Woodrow Wilson Crumbo (January 21, 1912—April 4, 1989) (Potawatomi) was an artist, Native American flute player, and dancer who lived and worked mostly in the West of the United States. A transcript of his daughter's interview shows that Mr. Crumbo was born on January 31, 1912, so there is a discrepancy of the date until confirmation. As an independent prospector in New Mexico in the late 1950s, he found one of the largest beryllium veins in the nation, valued at millions of dollars.  

His paintings are held by several major museums, including the Smithsonian Institution and the Metropolitan Museum of Art, with a large collection at the Thomas Gilcrease Institute in Tulsa, Oklahoma. Crumbo was a 1978 inductee into the Oklahoma Hall of Fame for his paintings. He was appointed as an "ambassador of good will" for Oklahoma in 1982 by Governor George Nigh.

Early life
Born near Lexington, Oklahoma, Crumbo moved with his mother to Kansas as a child after the death of his father in 1916.  Orphaned in 1919, he spent the rest of his childhood living with various American Indian families around Sand Springs, Oklahoma.  When Crumbo was 17, he began studying art at the Chilocco Indian Agricultural School, also taking up the study of the Kiowa ceremonial wooden flute. Later he soloed on this instrument in performance with the Wichita Symphony.
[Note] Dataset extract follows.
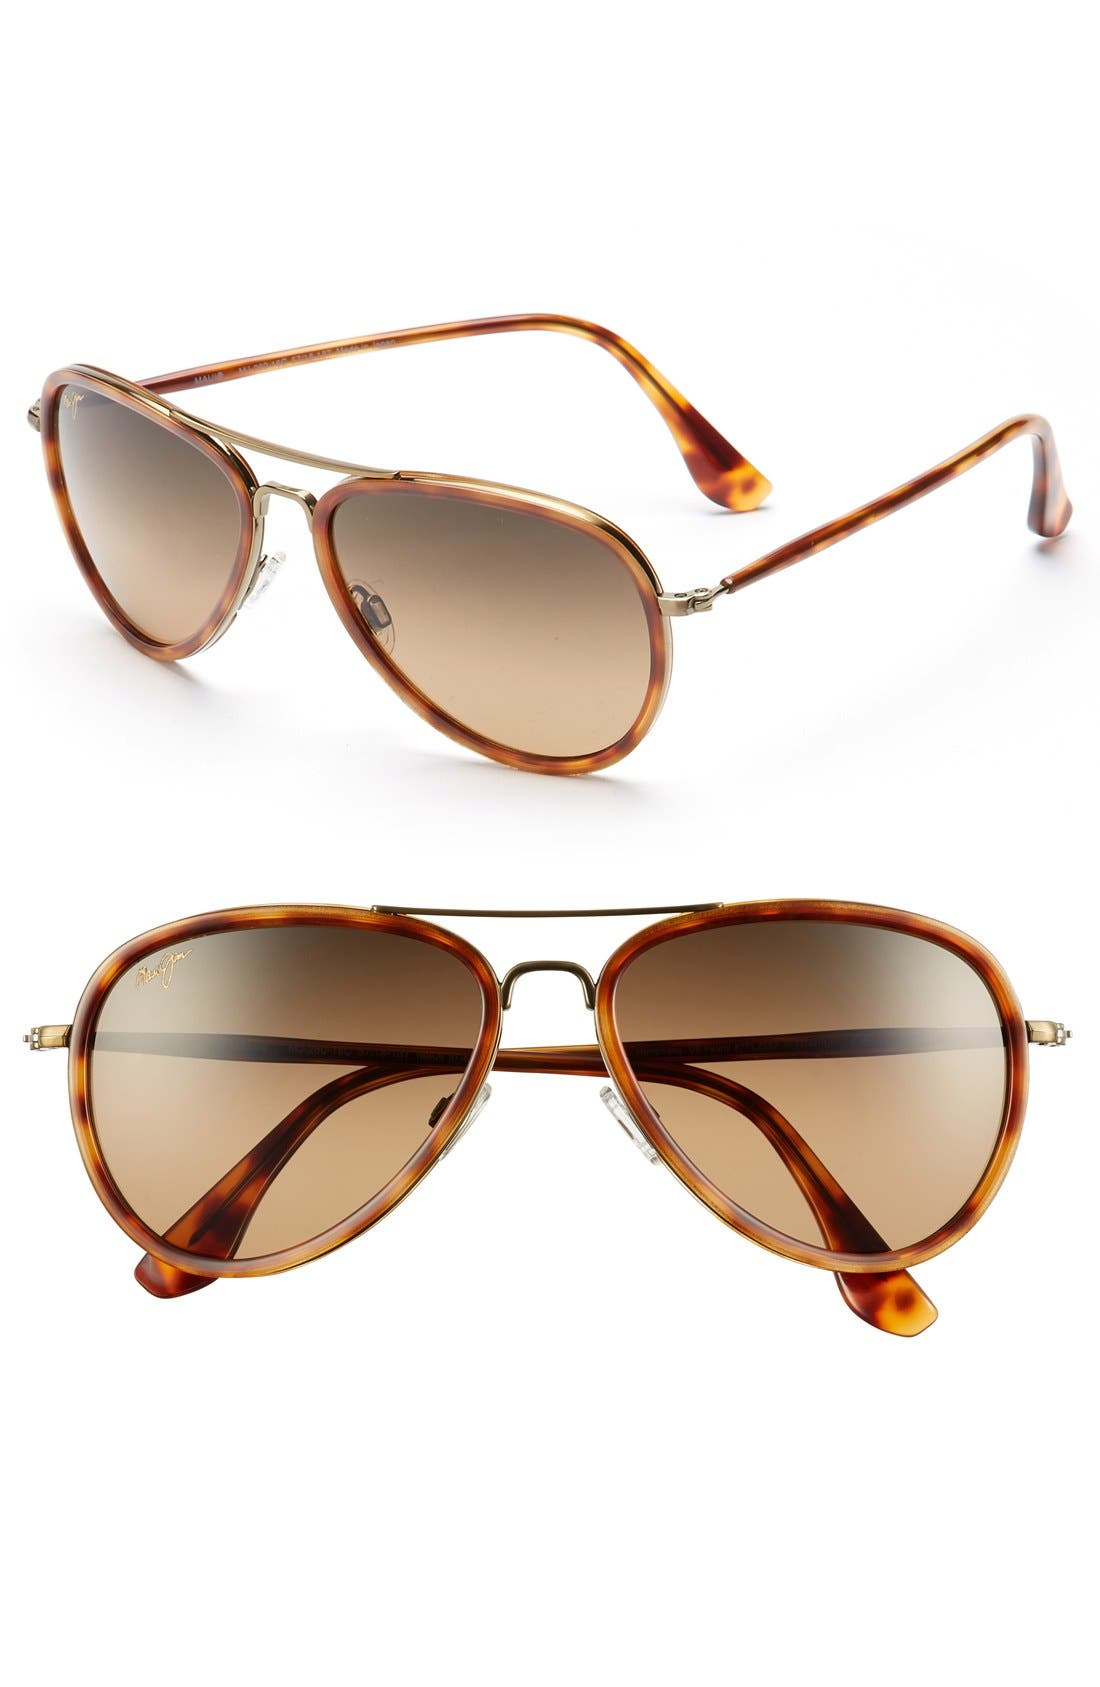 Honomanu 57mm PolarizedPlus2<sup>®</sup> Sunglasses,                             Main thumbnail 1, color,                             710

At the age of 19, Crumbo earned a scholarship to the Wichita American Indian Institute. He graduated three years later as valedictorian. Crumbo continued his studies at Wichita University from 1933 to 1936, where he studied mural technique with Olle Nordmark, watercolor with Clayton Staples, and painting and drawing with Oscar Jacobson. In 1936 Crumbo enrolled at the University of Oklahoma, where he studied for two years with Oscar Jacobson.

Professional career

While studying art, Crumbo supported himself as a Native American dancer.  He toured reservations across the United States in the early 1930s disseminating and collecting traditional dances. 
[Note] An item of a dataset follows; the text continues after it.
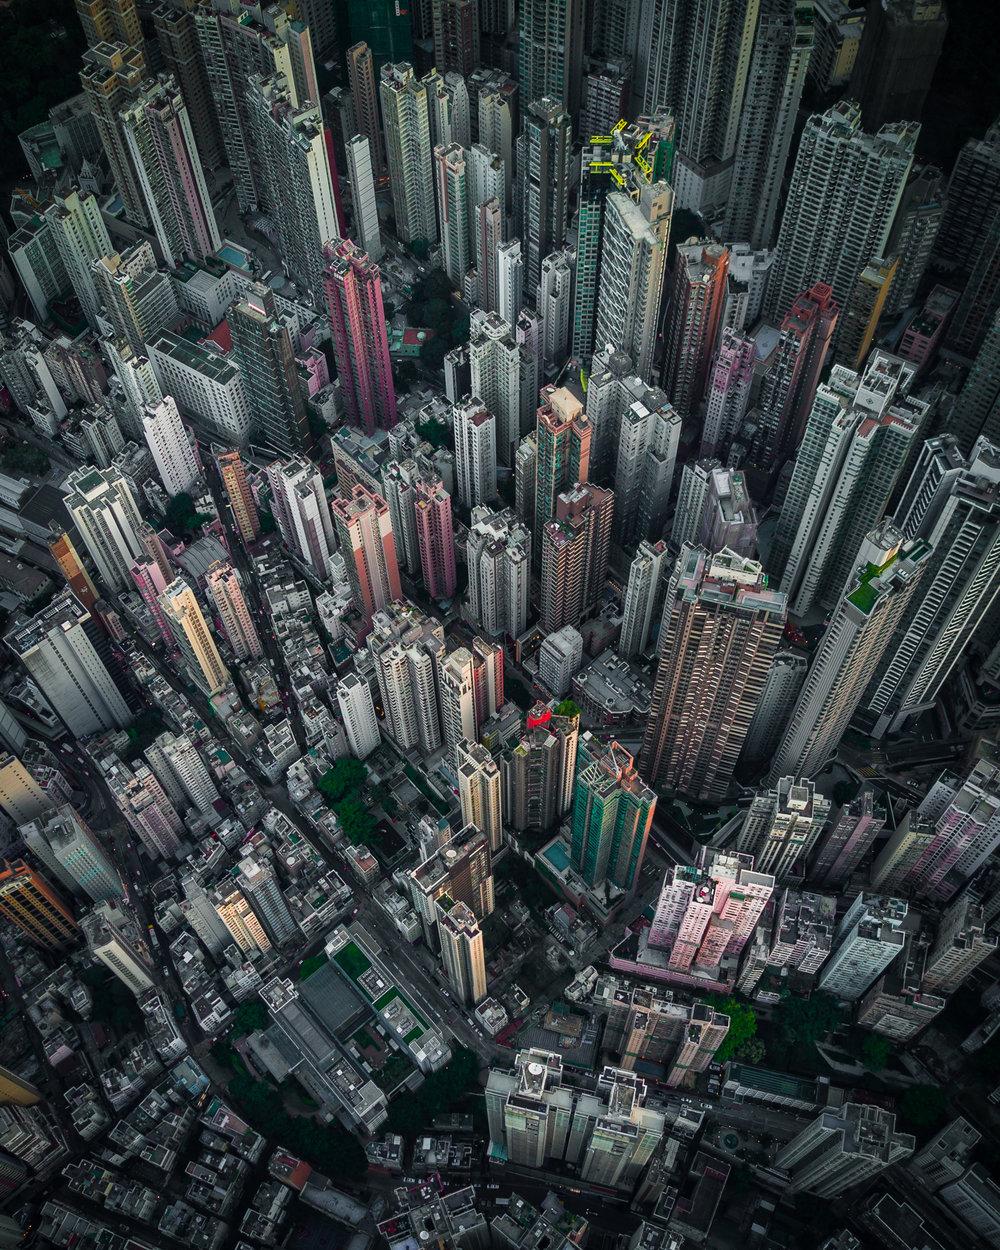 Nightsnlights_Above_HongKong01.jpg

His art career was affirmed when Susie Peters, his mentor from his days at the Chilocco Indian School sold a number of his paintings to the San Francisco Museum of Art. Subsequently, Crumbo joined the Bacone College in Muskogee as Director of Art from 1938-1941, succeeding Acee Blue Eagle.  

In 1939, the U. S. Department of the Interior, which includes the Bureau of Indian Affairs as one of its constituent agencies, commissioned him to paint murals on the walls of its building in Washington D. C. A few years later he curated a collection of Native American art at the Thomas Gilcrease Institute in Tulsa. Crumbo's "peyote bird" design became the logo for the Gilcrease Museum.

He was commissioned to paint two murals in the U.S.S. Oklahoma, which were both destroyed when the battleship was attacked and sunk at Pearl Harbor.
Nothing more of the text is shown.